Having no sense of proportion, Progressives naturally have no sense of humor. So a mild dig at the silliness presidential politics can involve becomes, for them, an occasion for a great throwing up of the hands. Really, Ms.Carlson, Romney didn’t mean much of anything. (And now you can worry in print if someone who sometimes says trivial things should become President.)
Incidentally, if I ever told my wife she’s “a wholly owned subsidiary,” it wouldn’t be pretty.
Examples of Mitt’s humor:
In HS going after a boy with long hair. Along with his gang, pinned the boy down and cut his hair. It must have been so funny for the young man, seeing Mitt coming at him with a pair of scissors and that funny glint in his eye.
Still in HS, waving his near-blind English teacher into a glass door. The people observing said Mitt laughed and laughed as the man bounced off the door.

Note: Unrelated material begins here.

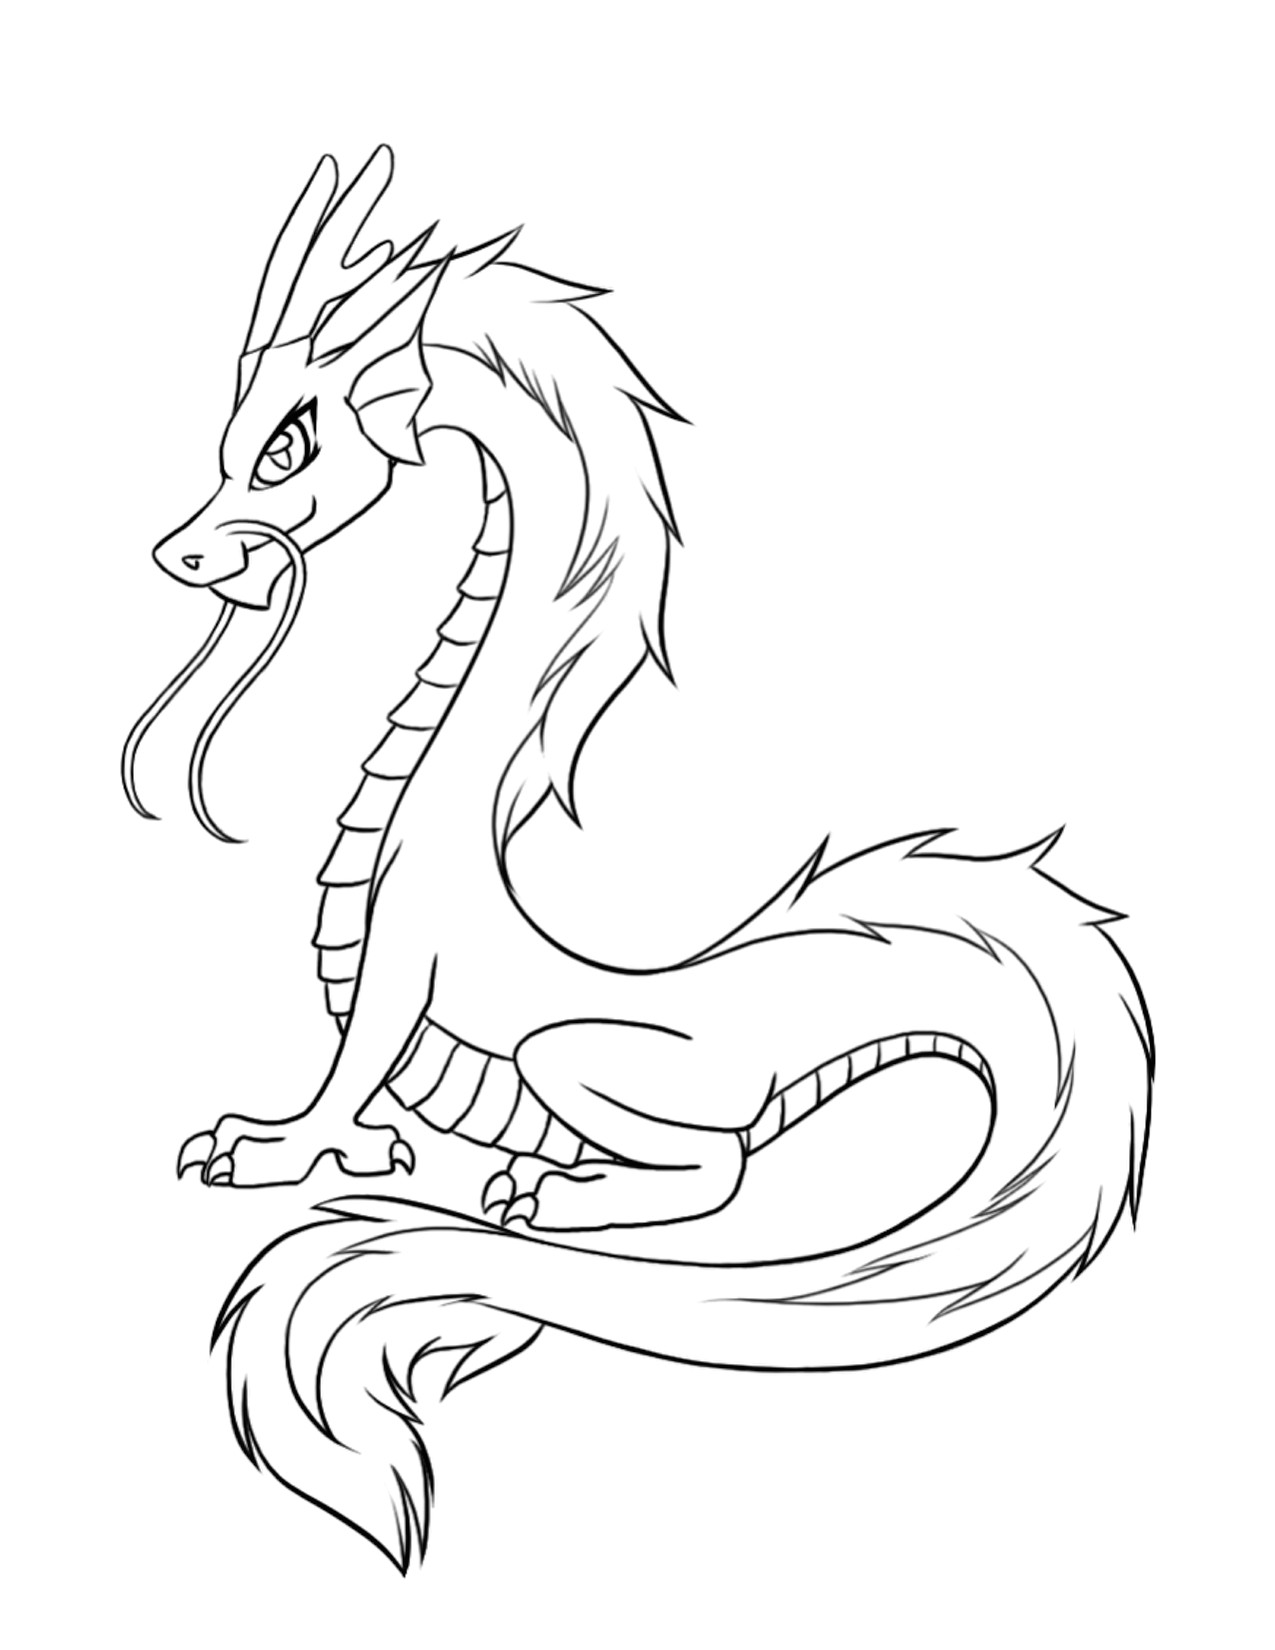 Dragon S Teeth Drawing Free Printable Dragon Coloring Pages for Kids Dragon Sketch

Writing ‘Help Me’ on the bottom of his friend’s wedding shoes so that a most important moment in t he man’s life everybody watching would laugh as he knelt at the altar.
Saying that the trees in Michigan were just the right height.
Saying to a group of fans who gave him cookies: “These aren’t homemade cookies. These are store-bought cookies aren’t they? You got these at 7-11. (and then laughed)
Telling a group of unemployed people “I’m unemployed, too!”.
Don’t know if Seamus on the car roof was supposed to be funny. Probably not so funny when the dog let loose of his bowels.
Oh, yeah, he’s a funny, funny guy.
The GOP is always talking about how character counts. It certainly does. Mitt Romney’s character is reason to be afraid, be very afraid. His sense of humor is more cruel than funny.